The nation's lawyers, hoping to follow the lead of two big Boston firms, are taking a close look at expanding into financial services.

Some law firms consider the investment advisory business a natural extension of services they already offer, such as administering trusts. Many others, especially those lawyers who specialize in estate planning, are looking for new ways to generate revenue. Because of more liberal estate tax rules, fewer consumers need lawyers to devise complicated wills and trusts."It's simple," says Christiane Delessert, a vice president with Seidman Financial Services in Boston. "It's happening because (financial services) are a lucrative business. Lawyers can make money."

The legal profession is closely watching Hale & Dorr and Nutter, McClennen & Fish, two Boston law firms that recently spun off their trust departments and registered the new units with the Securities and Exchange Commission. They are the first two law firms in the United States "to enter the investment business," says Massachusetts Lawyer Weekly, a trade publication.

Lawyers' groups, including the American Bar Association, are also studying ways lawyers can market themselves as financial planners. Some lawyers, in fact, already offer financial planning services. For example: a large Tampa, Fla., law firm operates a business that scrutinizes its clients' life insurance needs and negotiates with agents for the lowest price; other attorneys have even opened financial planning practices.

To be sure, the lawyers' task won't be easy. Accounting firms, such as Price Waterhouse and BDO Seidman, the parent of Seidman Financial, are already in the financial planning business and serve many of the same affluent clients the law firms hope to attract. In addition, they face stiff competition from banks and a horde of independent money managers and financial planners, many of whom have set up shop in the past five years.

Still, lawyers are banking on striking gold in financial services by targeting affluent consumers who might feel more comfortable discussing their money matters with a law firm. "We just didn't hang a shingle out down the street," says John K.P. Stone III, chairman of the executive committee at Nutter McClennen. "We've been here for 100 years."

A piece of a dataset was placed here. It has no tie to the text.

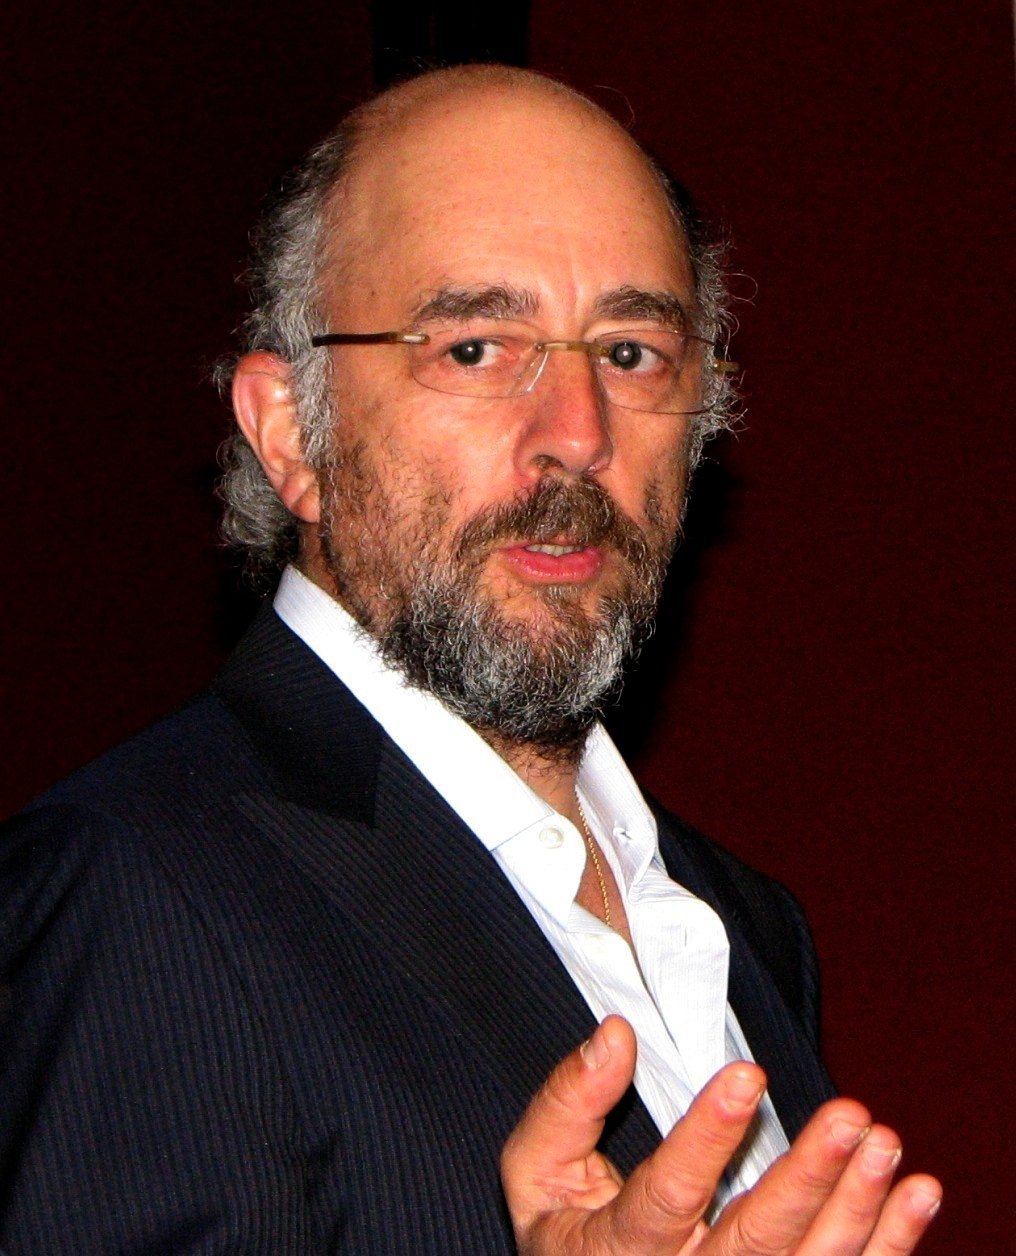 Richard Schiff speaking at the Oxford Union in May 2009. | Source: Wikimedia Commons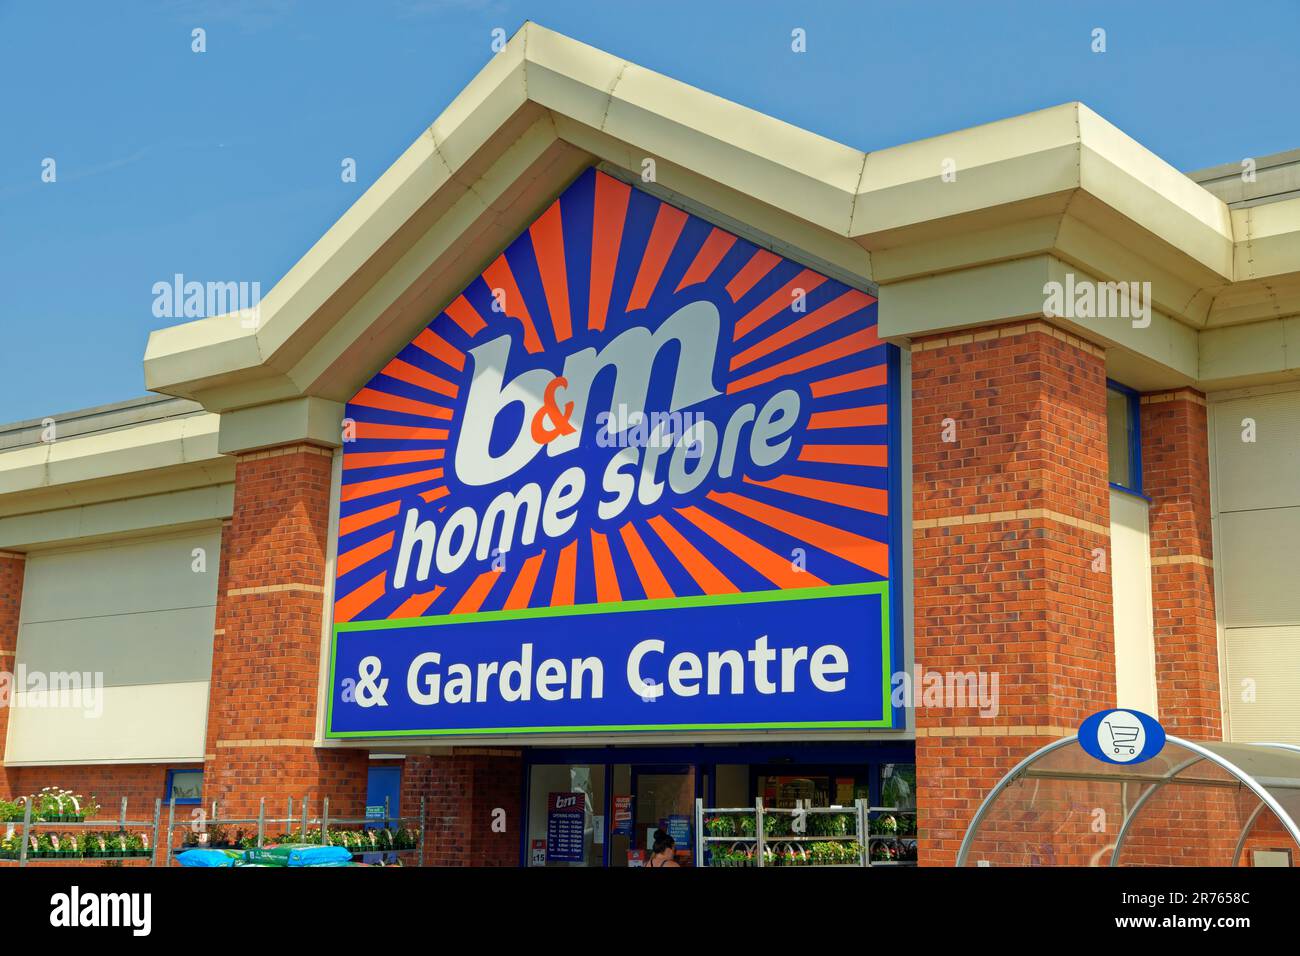 B&M home store and Garden Centre at Warrington in Cheshire, England. Stock Photo

Managing money for clients isn't new in such cities as Boston and Philadelphia, where law firms traditionally offer certain financial services as part of their legal business. (Boston firms manage assets of around $3 billion, estimates the Massachusetts Lawyers Weekly.) For instance, a client who just sold a business might want the law firm to administer a trust that would provide for his children's education. And as long as the financial management services stem from the law firm's legal work, the lawyers aren't required to register with the SEC and, thus, disclose the finances of all its partners.

What has changed is that law firms are looking for customers outside their law practice.

Why? Business is off, for one thing. One culprit is changing federal tax rules, which raised the ceiling on how much parents could pass onto their heirs. "For a family to have any kind of estate tax problem now (on a federal basis) they have to have at least $600,000 instead of $60,000," says J. Thomas Eubank, a Houston lawyer and former president of the American College of Probate Counsel.

But lawyers also figure that financial services are a good way to diversify.

Hale & Dorr spun off its trust department earlier this year and registered Haldor Investment Advisors with the SEC. "We had several approaches from pension (funds) and individuals for whom we weren't acting as lawyers," says John Hamilton Jr., the downtown Boston firm's managing partner. Nutter McClennen, meanwhile, launched Nutter Investment Advisors in August and is awaiting SEC approval.

Unlike many other law firms with trust departments, Hale & Dorr and Nutter McClennen already had full-time portfolio analysts on staff who pick certain stocks, bonds and mutual funds and bonds for their clients. For example, Hale & Dorr employs five portfolio analysts, none of whom are lawyers. Trust departments at law firms typically hire outside investment concerns to make such recommendations.

The firms' services aren't for the ordinary investor, however. At Nutter Investment, stakes typically range from $250,000 to $10 million. "We'll go as low as $100,000 if there is a prospect of it increasing," says Stone. Moreover, the fees can be hefty: the firms charge clients a percentage of their assets and a percentage of the income the portfolio generates.

Other attorneys say that financial planning business is another good way to expand their practices.

But the task of the financial planner is often more complicated than the money manager, who picks and supervises investments. Planners, in addition to choosing certain types of investments for their customers, also analyze their clients' spending habits, construct budgets, and devise complicated retirement plans.

Thus, the financial planning business is somewhat of a mystery to lawyers who don't know how to market such services, don't know what to call themselves and, for the most part, don't have the broad-based background to become financial planners. To figure it out, the ABA two years ago launched its task force as did the ACPC, the Los Angeles-based probate lawyers' group. "We're in a rapidly evolving speciality here but we're not sure which way it ought to go and how far it ought to go," says Eubank, the Houston lawyer.